We had to radically change our way of thinking. At our daily editorial meeting, it’s become even more important to plan beyond the written articles. We have our own AR experts, video journalists and graphic designers in the newsroomto ensure that our AR effects are of a high quality and do not appear amateurish.

What are your response figures like?

Some 30,000 people have downloaded our app. We recorded the highest number of views early on when we ran a contest involving 15 different effects to popularize our new service. Some 4,000 users viewed all 15 effects, totaling 60,000 views – that record holds to this day. Good topics attract very high numbers of views, but for that you really need to offer people something.

Do you draw conclusions based on how your readers use the AR effects?

Yes, for us AR is like a feedback channel for the printed newspaper. Clicks on the animations provide us with information about the behavior of our readers.Senior citizens, for instance, often only read the newspaper in the late morningor that background reports are often read on Sundays or on public holidays.

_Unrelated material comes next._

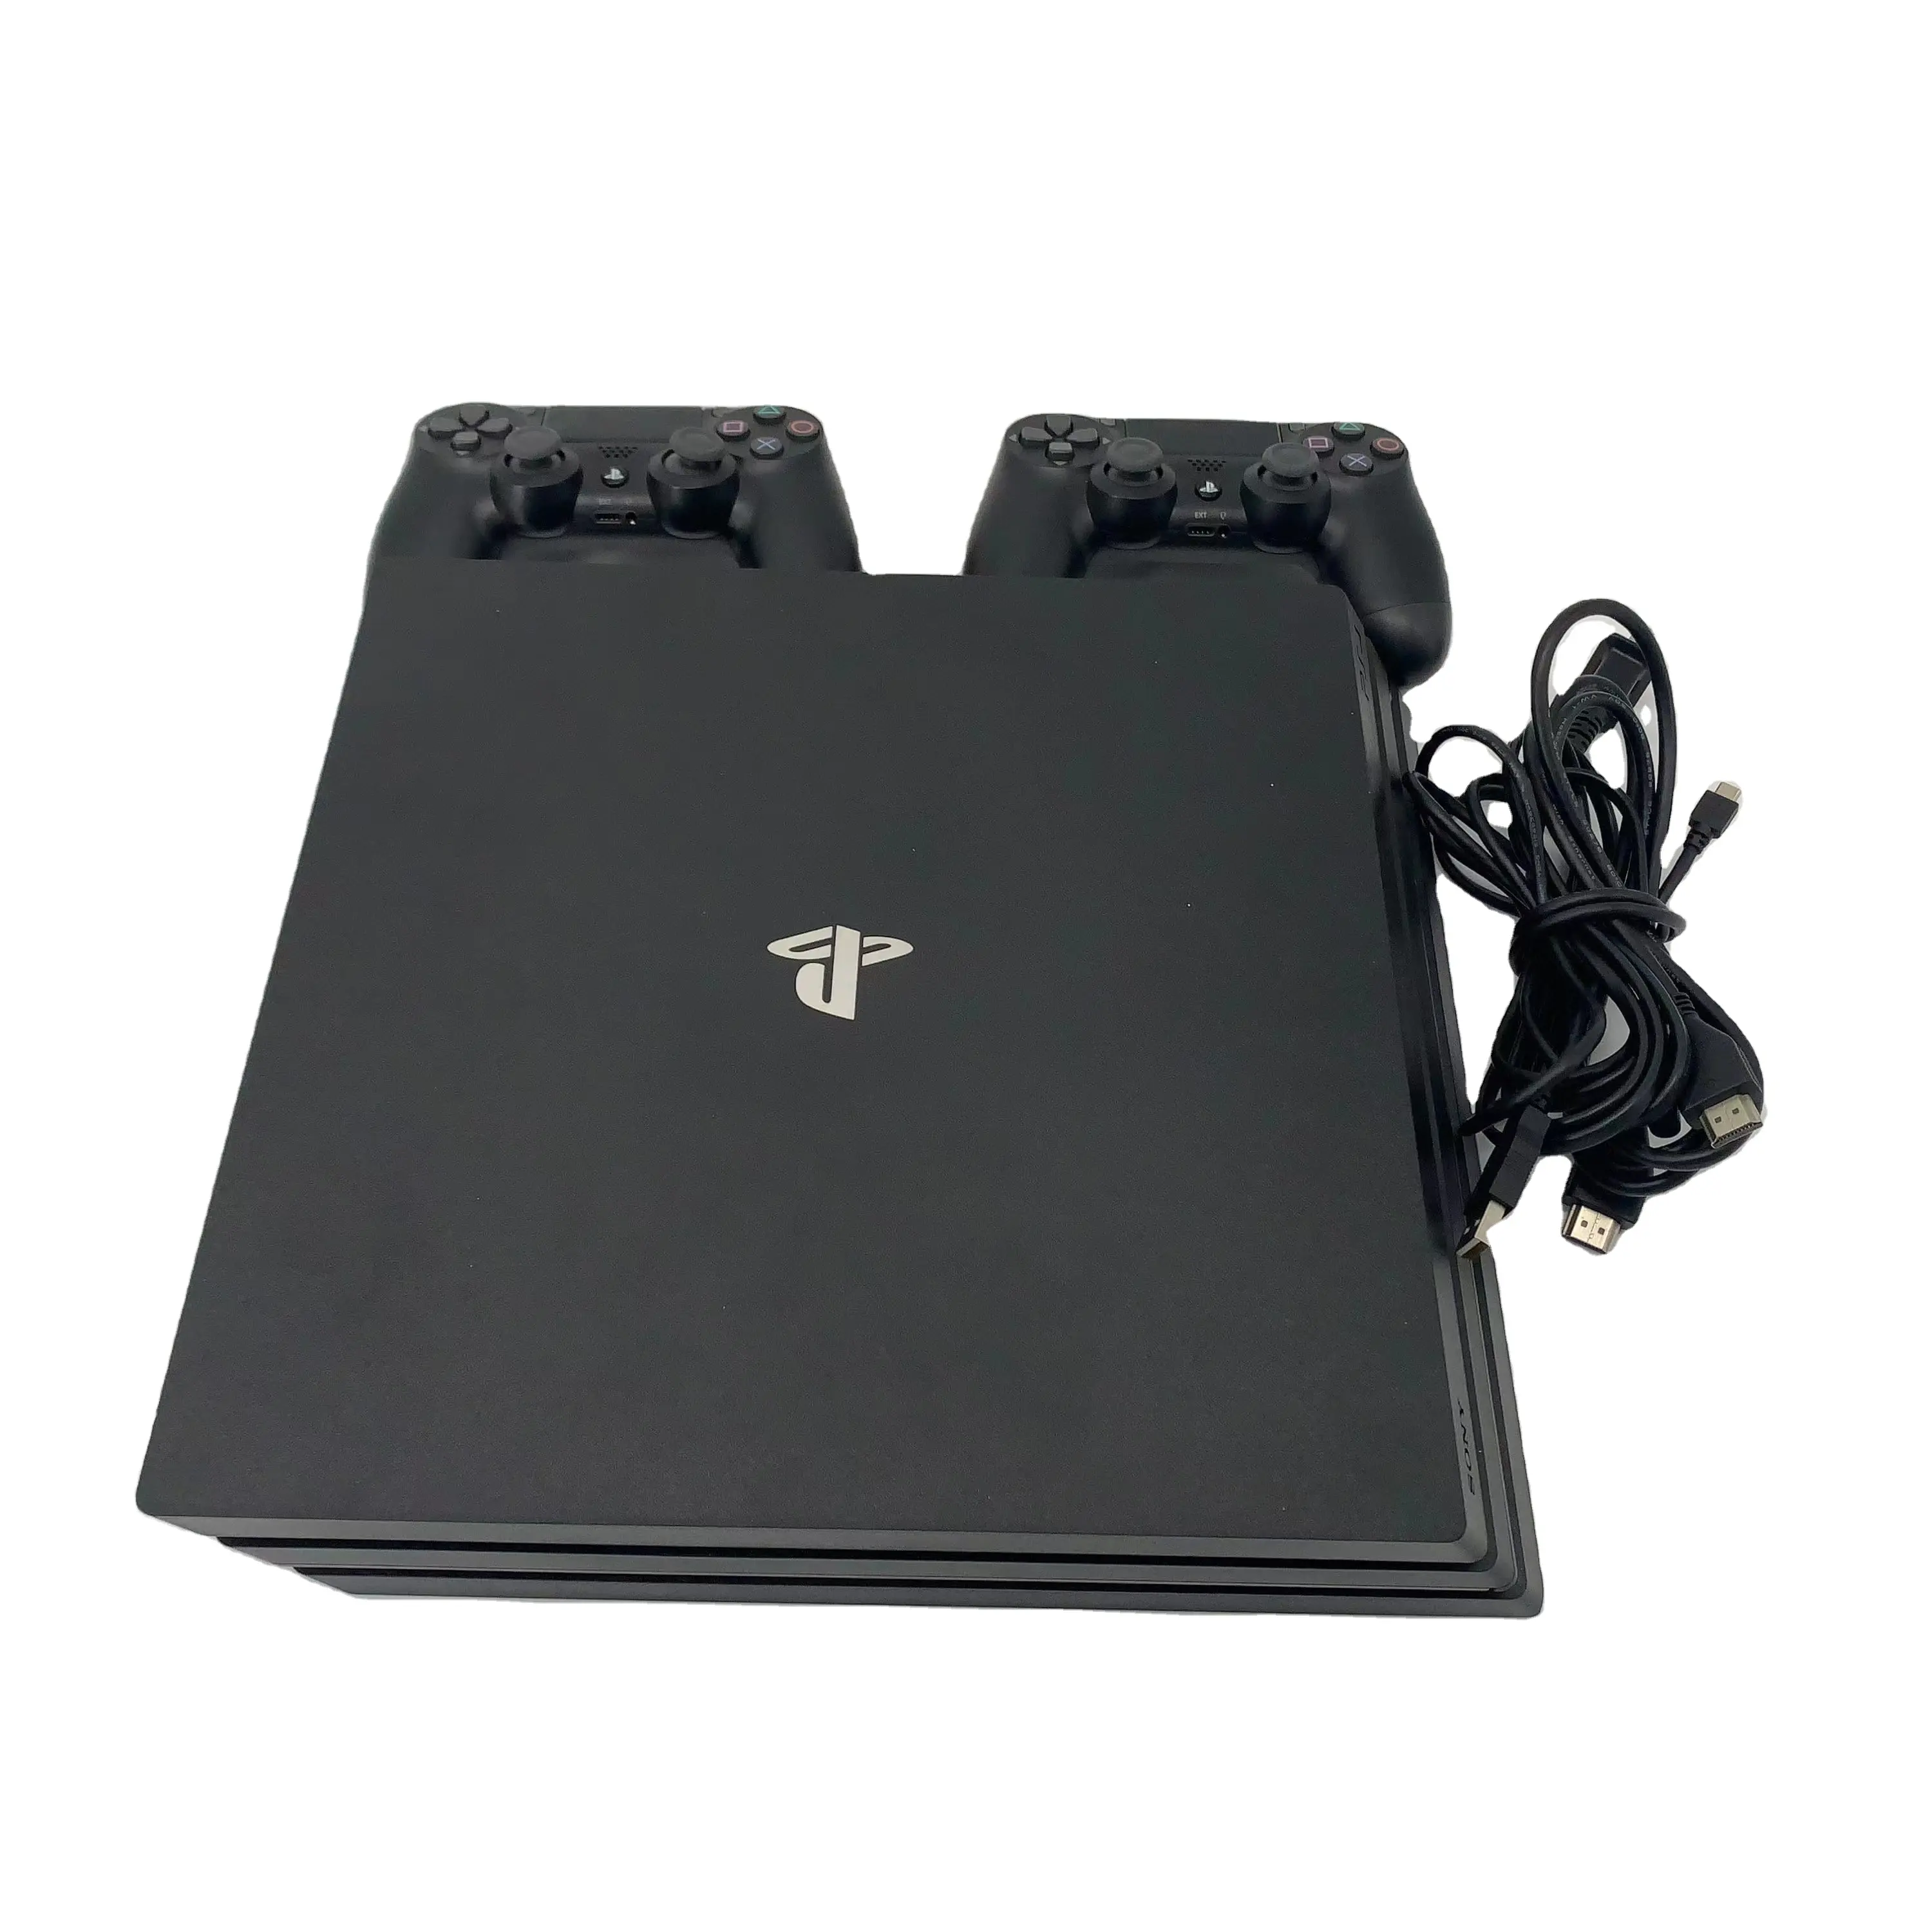 Toptan kullanılan orijinal PS4 pro için Sony playstation Slim pro 4 1 TB video oyunu 512g elde kullanılır oyun konsolu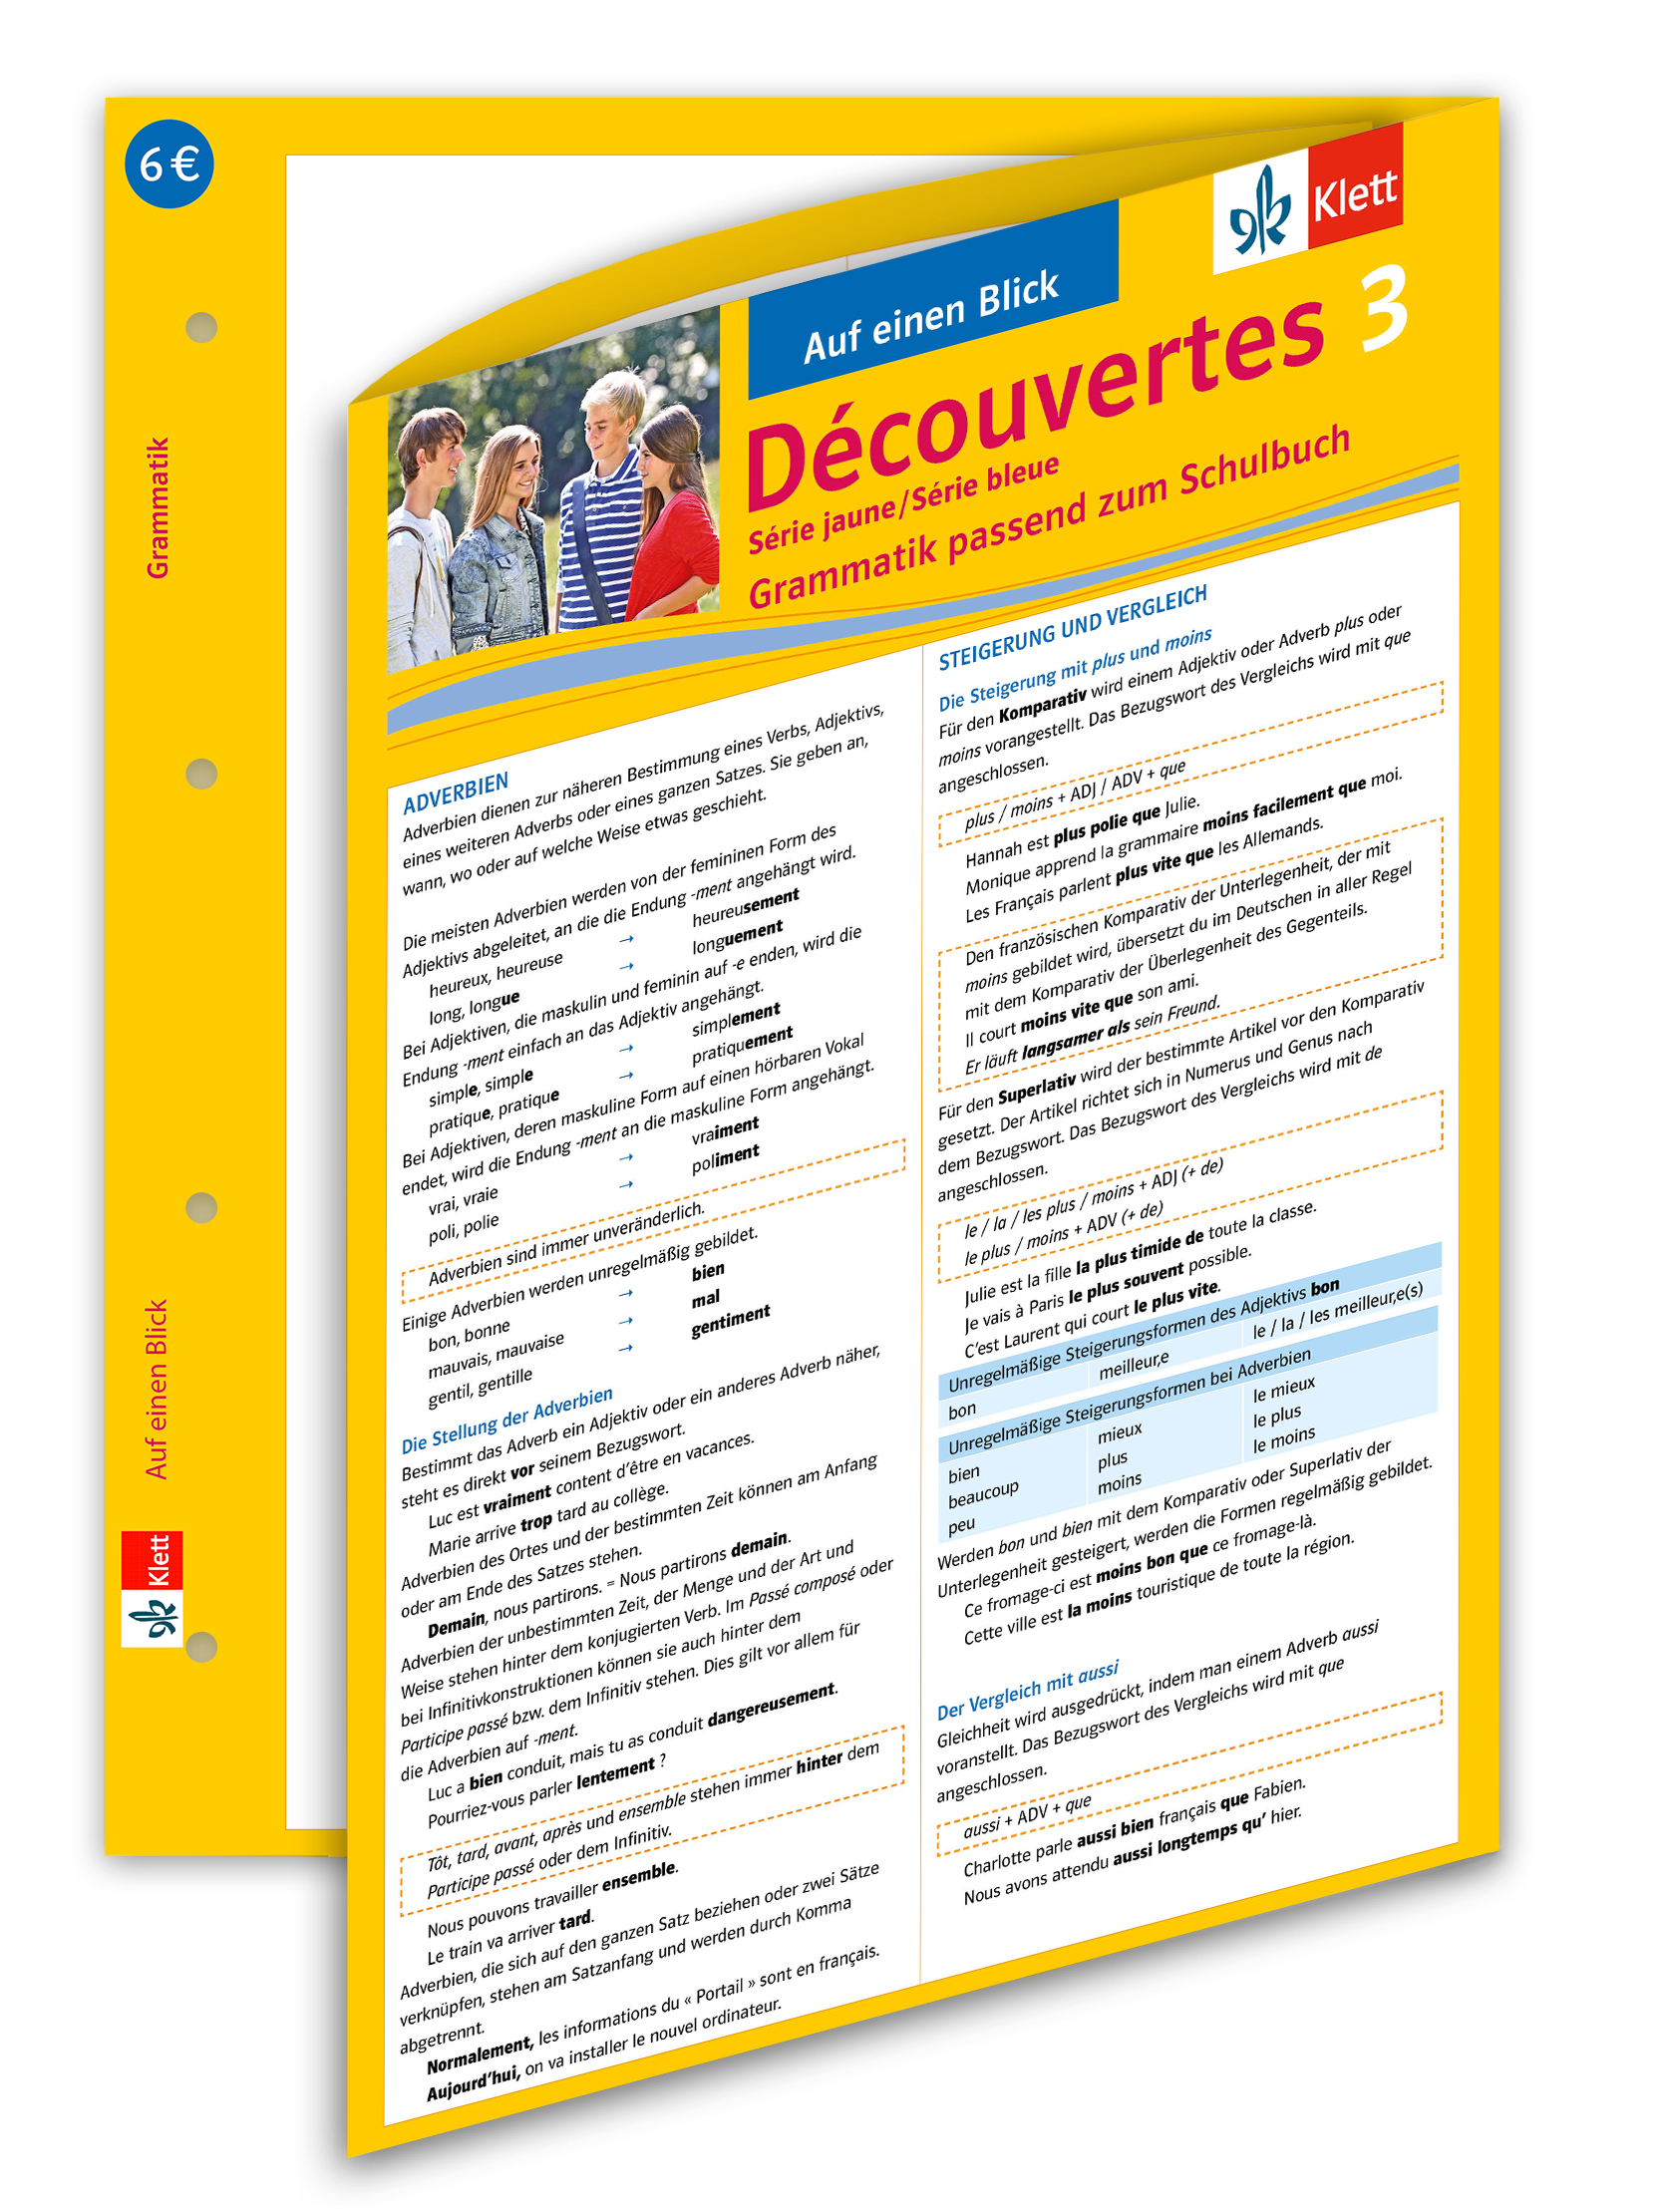 Découvertes Série jaune / Série bleue 3 - Auf einen Blick

The publication of augmented reality elements is one thing, but actually convincing readers to view interactive content is another matter. How do you persuade your readers to get out their smartphones?

We have a brief download guide on page 2 of every edition. In order to actively promote our value added, we have a content-specific teaser for each effect to encourage readers to get their smartphone out.

Speaking of readers, is your print/multimedia combination also part of a deliberate strategy to appeal to a younger readership that has a greater affinity with the online world?

Yes. As a media company, we also need to reach out to other target groups. Augmented reality is an ideal way of attracting younger readers via our daily newspaper. Previously, we tried that by means of digital channels only, but now we’re also doing it through printed contentt.

Do you believe that printed daily newspapers will have to make increasing use of online content in the future in order to combat the decline in circulations?

The printed newspaper is and remains the flagship of our media company – that is true primarily in financial terms, since we only generate a fraction of our total turnover by means of digital channels. However, our daily newspaper undoubtedly needs to take the trend toward new viewing habits into account. Without wishing to break with traditions or reading habits, we want to make our newspaper more contemporary in order to cater to younger people. Augmented reality is an innovative means of targeting other target groups, in particular younger people, by means of multimedia content, while also enhancing our main product.

About the Weser-Kurier

The Weser-Kurier, which is published seven times a week, has an audited circulation of 149,255 copies and eight regional editions. It is distributed in the city of Bremen and the surrounding area of Lower Saxony within a radius of approx. 50 kilometers. Bremer Tageszeitungen AG also publishes five different editions of Stadtkurier twice a week. The newspaper publisher has relied on Muller Martini systems in its mailroom for many years.